The policing contract extension item [staff report] included multiple components:

    • approving $75 million to cover transit policing cost overruns, allowing for the current contract to not run out of funding before next June
    • approving a 6-month extension of the contract, pushing its terminus back to December 2022
    • approving the option for a second 6-month extension from December 2022 to June 2023, if needed

The policing contract extension became highly politicized in past weeks, with L.A. County Sheriff Alex Villanueva plying falsehoods to criticize Metro staff, board, and committee leadership, and later asserting that LASD should be the sole policing agency on Metro.

Metro is in the midst of a process aimed at reimagining public safety on its transit system. In June 2020, the board voted to form a Public Safety Advisory Committee (PSAC) to recommend changes to its next policing contract. Metro law enforcement leadership has dragged its heels on the PSAC process, forcing the board into the position of reluctantly approving the one-year extension.

To a large extent, yesterday's contract extension approval represents a capitulation to continuing a problematic policing status quo at a time when nearly all of Metro's leadership are supportive of policing reforms. For this reason, two of the most progressive boardmembers - County Supervisor Holly Mitchell and City Councilmember Mike Bonin - abstained from approving the contract extension.

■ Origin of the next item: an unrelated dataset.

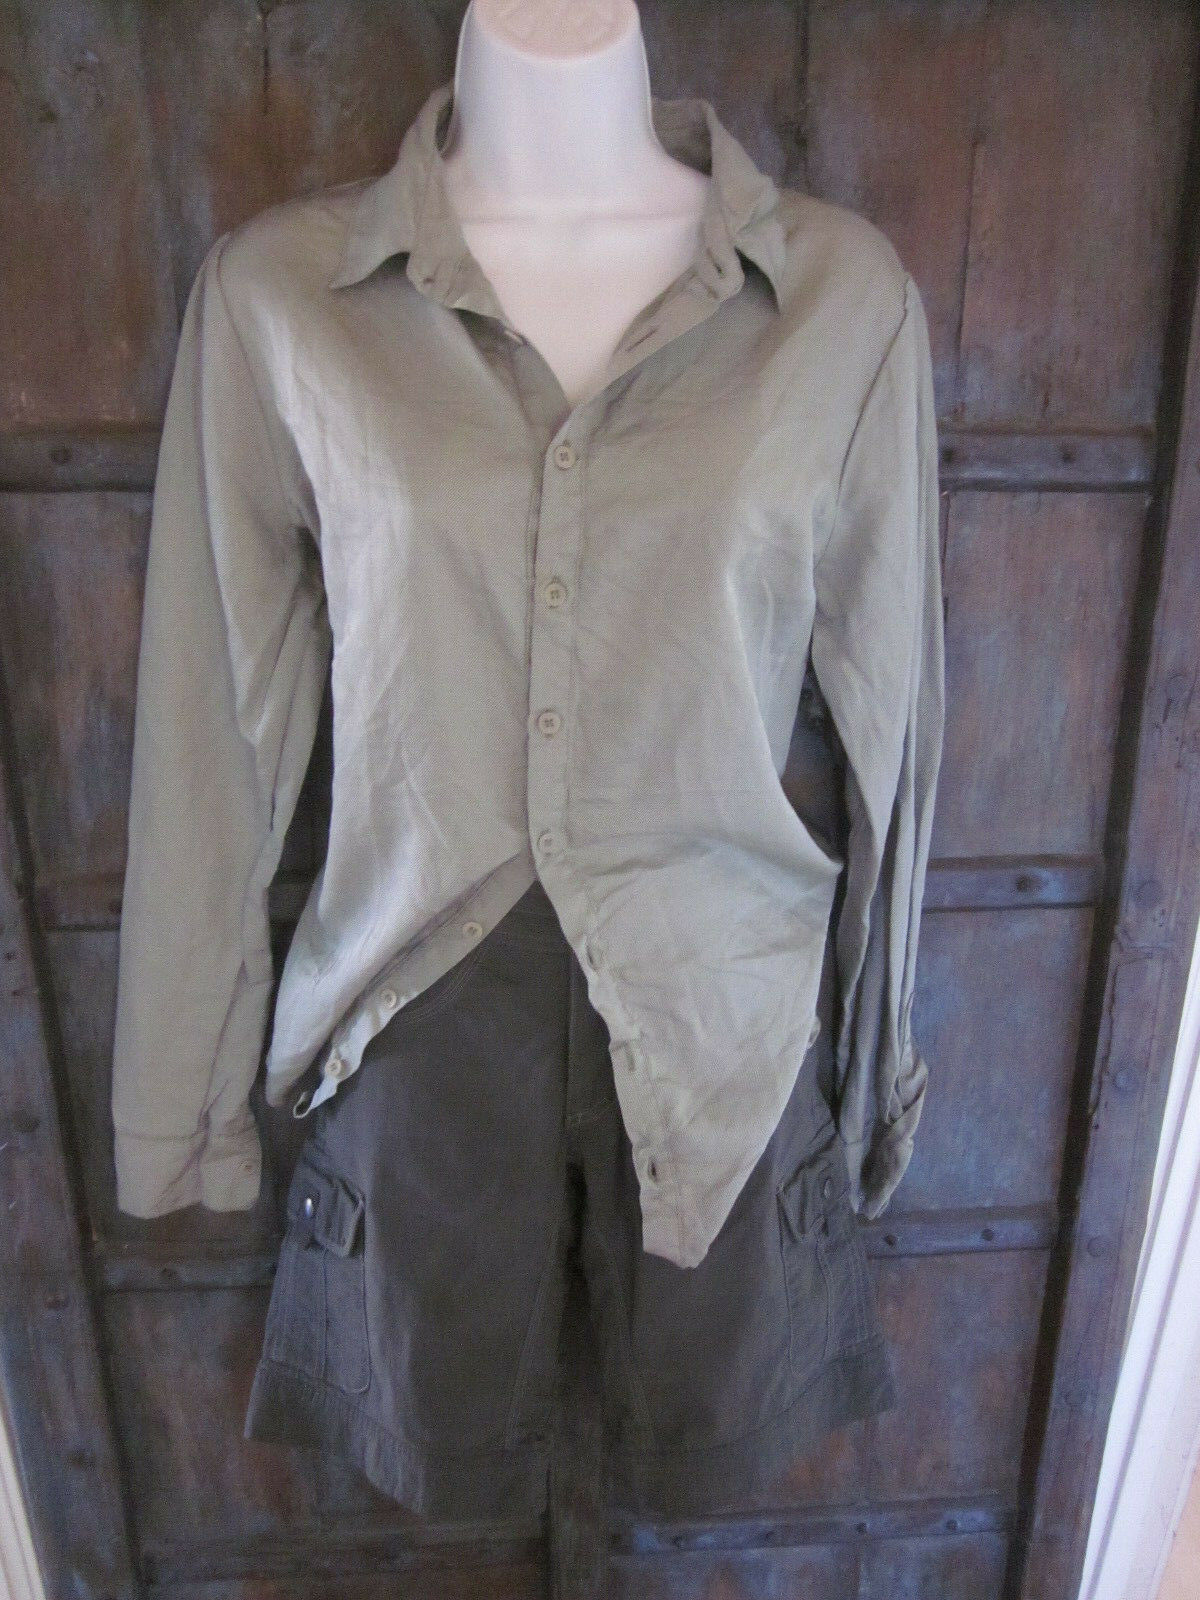 CP Shades damen Cotton Silk Long Sleeve Button Shirt Top Größe Large Sage Grün

Bonin and Mitchell have been leading the Metro board's push to reimagine public safety. They were co-authors of a motion, also approved yesterday, that keeps Metro on track to embed new public safety priorities in the Fiscal Year 2022-23 budget. That motion was approved, despite an abstention from Boardmember and Glendale City Councilmember Ara Najarian, who spoke positively of the sheriff and critically of PSAC and proposed unarmed transit ambassadors.